In total, twelve distinct cell clusters were identified within the BM, including monocytes, basophils, BM-neutrophils, T cells, B cells, stem cells, MSCs, HSCs, NMP, DCs, NK cells, and erythrocytes. When comparing T2D mice to wild-type controls, significant compositional changes were observed. Notably, T2D mice exhibited a substantial increase in B lymphocytes and MSCs, along with a decrease in BM-neutrophils and DCs, consistent with broad dysregulation of hematopoietic and immune cell populations in diabetes. These shifts may influence systemic inflammation, bone remodeling, and metabolic homeostasis, emphasizing the interconnected nature of immune dysfunction and bone pathology. Since immune cells in the BM are closely linked to both systemic inflammation and skeletal remodeling, these compositional changes may have profound implications for metabolic homeostasis and osteoimmune balance.32–34
Among the most striking findings was the pronounced decrease in BM-neutrophils, dropping from 66.56% in WT to 54.73% in T2D mice, which suggests altered neutrophil maturation or reprogramming. Neutrophils are central players in innate immunity, contributing to pathogen clearance, inflammation resolution, and bone remodeling via cross-talk with osteoclasts and osteoblasts. Their reduction in T2D may reflect impaired maturation or altered trafficking, consistent with prior studies linking neutrophil dysfunction to increased infection susceptibility and chronic inflammation in diabetes.35–38 This dysfunction may also contribute to systemic insulin resistance. Dysregulated pathways such as CXCL12/CXCR3 could underlie aberrant neutrophil migration within BM, further impairing osteoimmune signaling. Although our computational analyses point to such mechanisms, functional assays—including NETosis, phagocytosis, or migration studies—will be essential to validate these predictions and clarify how neutrophil dysfunction contributes to bone pathology.
Conversely, B cells exhibited a notable increase in proportion, from 9.16% in WT to 19.78% in T2D mice, particularly within the Naïve_B subset. This expansion highlights adaptive immune activation in response to chronic metabolic stress. Activated B cells are known to produce pro-inflammatory cytokines and pathogenic antibodies, which can exacerbate insulin resistance and contribute to systemic inflammation. Previous studies revealed that B cells modulate immune responses and influence insulin resistance through antibody-mediated pathways and cytokine production, and their dysregulation has been associated with T2D complications, including cardiovascular disease and systemic inflammation.39–42 The observed shift from Pre_B to mature B cell populations may reflect compensatory responses to T2D-induced chronic inflammation and metabolic stress that may exacerbate inflammatory signaling and systemic metabolic dysfunction.43,44 These findings underscore the need to consider B cells as active contributors to T2D pathophysiology. Future studies could explore therapeutic targeting of B cell-derived cytokines, such as CCL4 and CCL5, to mitigate systemic inflammation.

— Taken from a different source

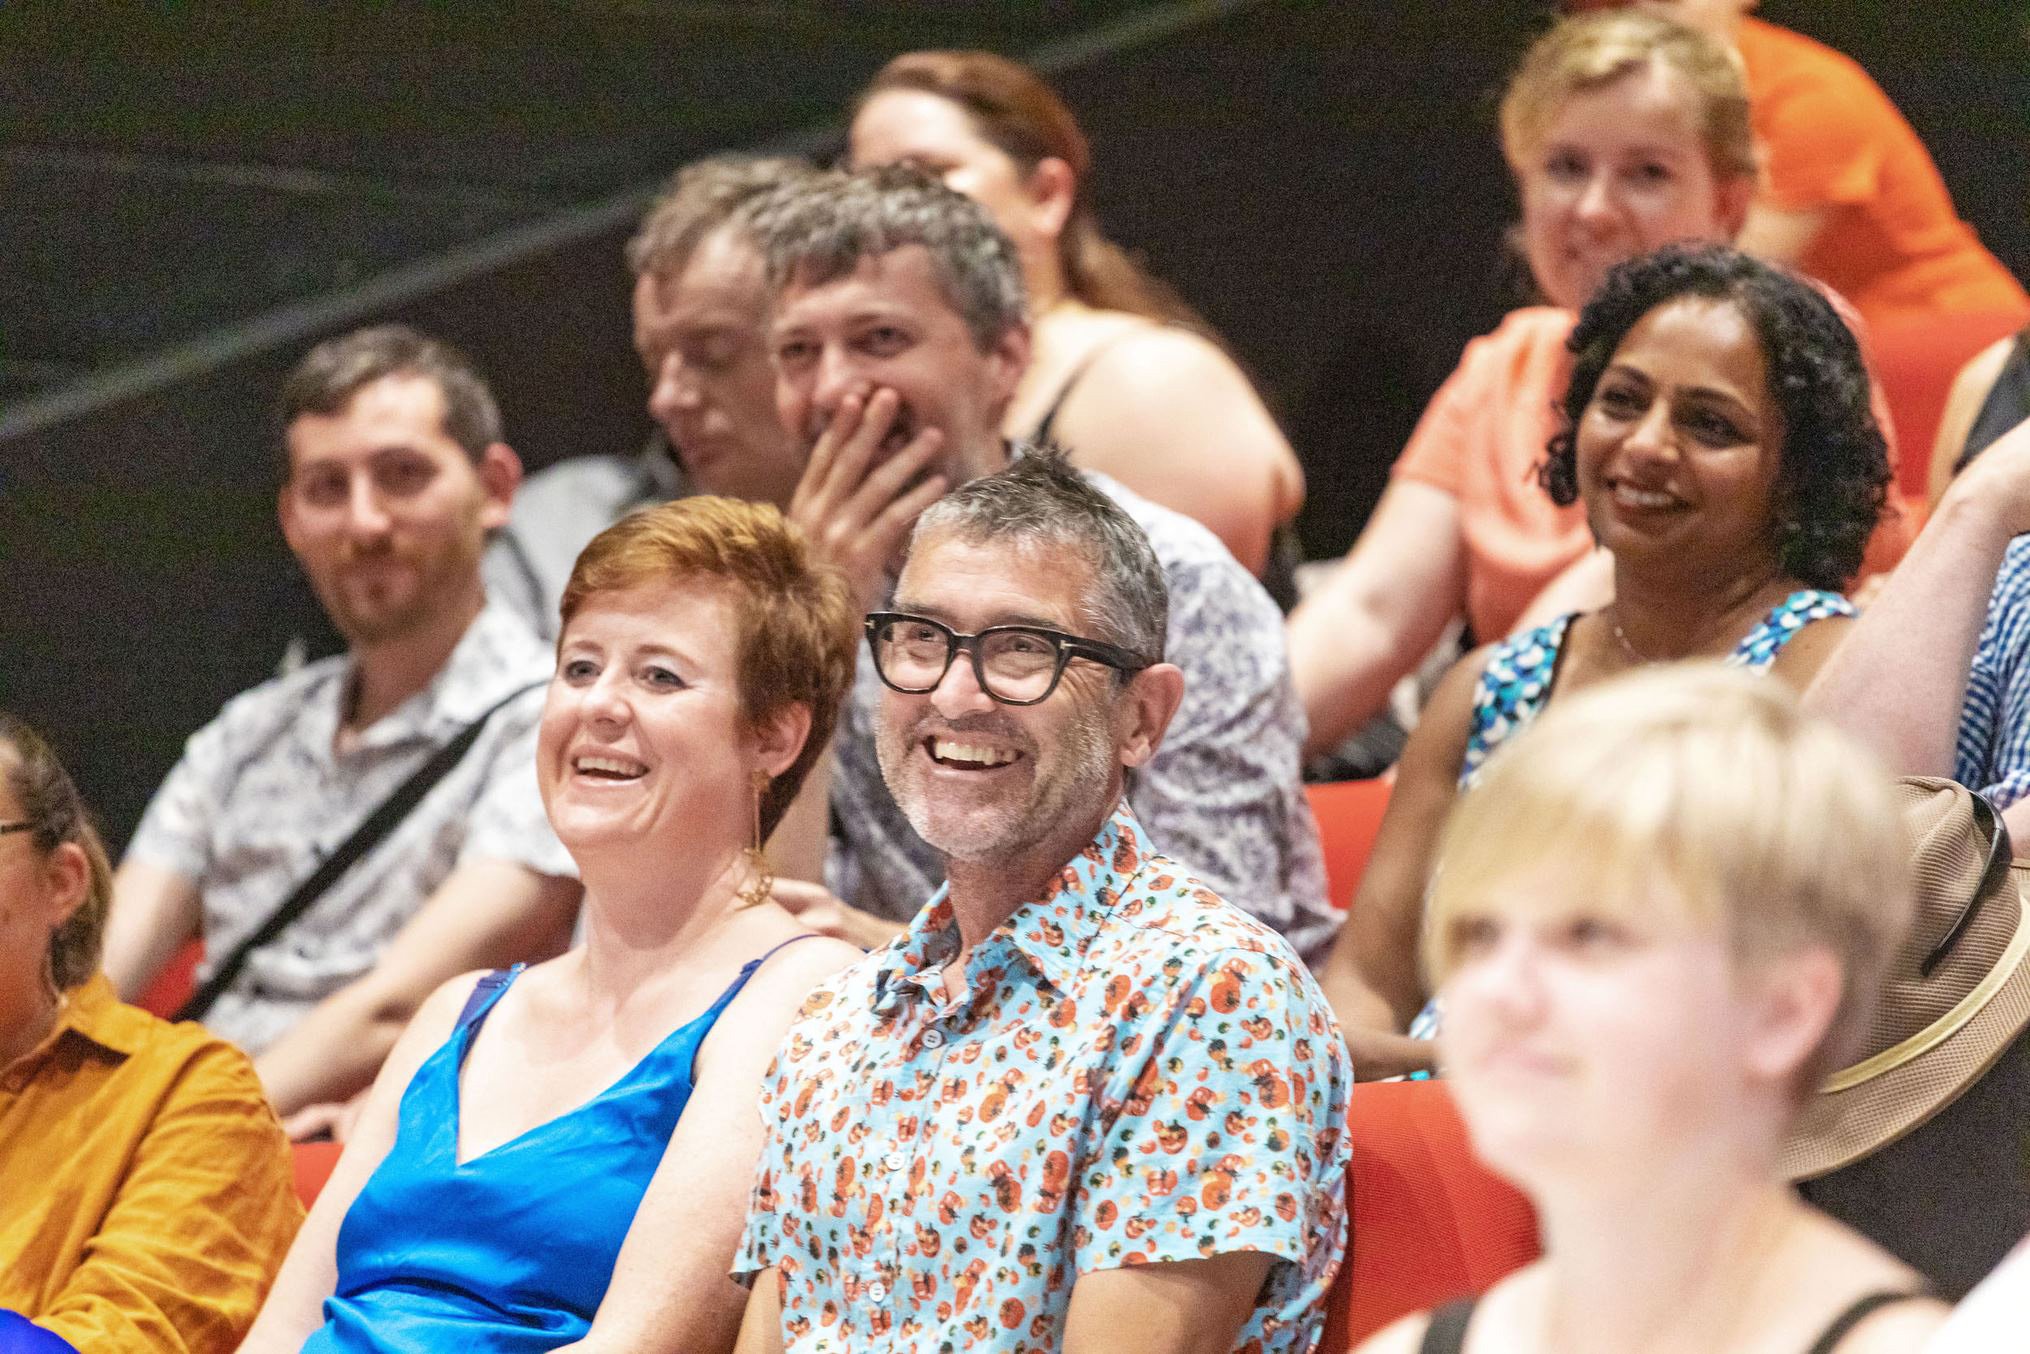 Covert-Theatre-Opening-Night-laughing-Audience.jpg
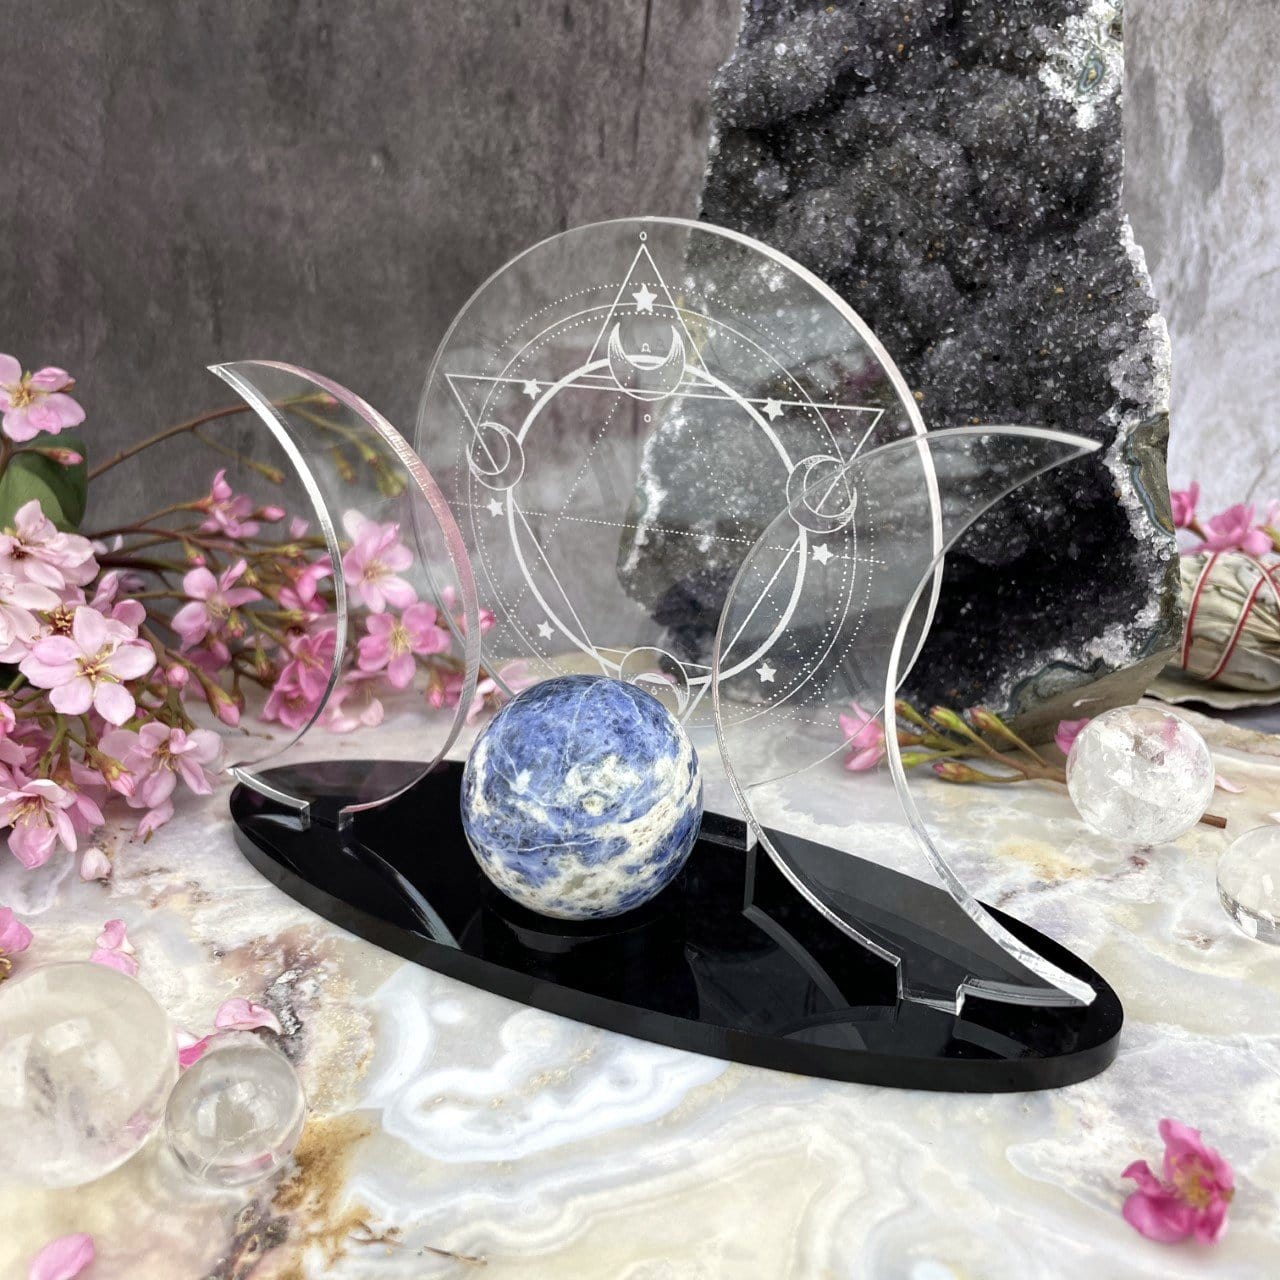 Close up of an Acrylic Sphere Holder Sacred Geometry - 6 Pointed Star holding a sphere in an alter that consists of flowers and crystals.

Monocyte and T cell subsets exhibited significant alterations. Reductions in monocyte_0 and monocyte_4, coupled with increases in monocyte_2 and monocyte_3, suggest altered monocyte-mediated inflammation, likely contributing to chronic low-grade inflammation and insulin resistance. Prior studies have reported Cd36+ monocytes with diminished osteoclast potential in diabetic bone marrow, highlighting the importance of subset-level analyses for linking immune dysregulation to bone remodeling. Our data extend these findings, by providing subset-level resolution of T2D-specific monocyte alterations.45–52 Similarly, T cell analysis revealed a decrease in γδ T cells and an increase in CD4+ T cells, particularly Th1 and Th17 subsets. While γδ T cells contribute to tissue homeostasis and immune surveillance, Th1/Th17 cells drive chronic inflammation and exacerbate metabolic dysregulation.53–57 These results collectively suggest that T2D reshapes both innate and adaptive immune compartments, thereby directly influencing osteoimmune dynamics and bone remodeling capacity.
In addition, we observed a significant reduction in DCs, particularly plasmacytoid DCs (pDCs). Since pDCs are crucial for type I interferon responses and immune surveillance, their depletion could exacerbate chronic inflammation and impair host defense in T2D.58–63 From an osteoimmunology perspective, DC–B cell crosstalk and DC-mediated regulation of osteoclastogenesis are key determinants of bone homeostasis. Their loss may therefore contribute to T2D-associated bone remodeling defects. Functional assays such as flow cytometry or in vitro osteoclastogenesis studies will be needed to confirm these transcriptomic observations.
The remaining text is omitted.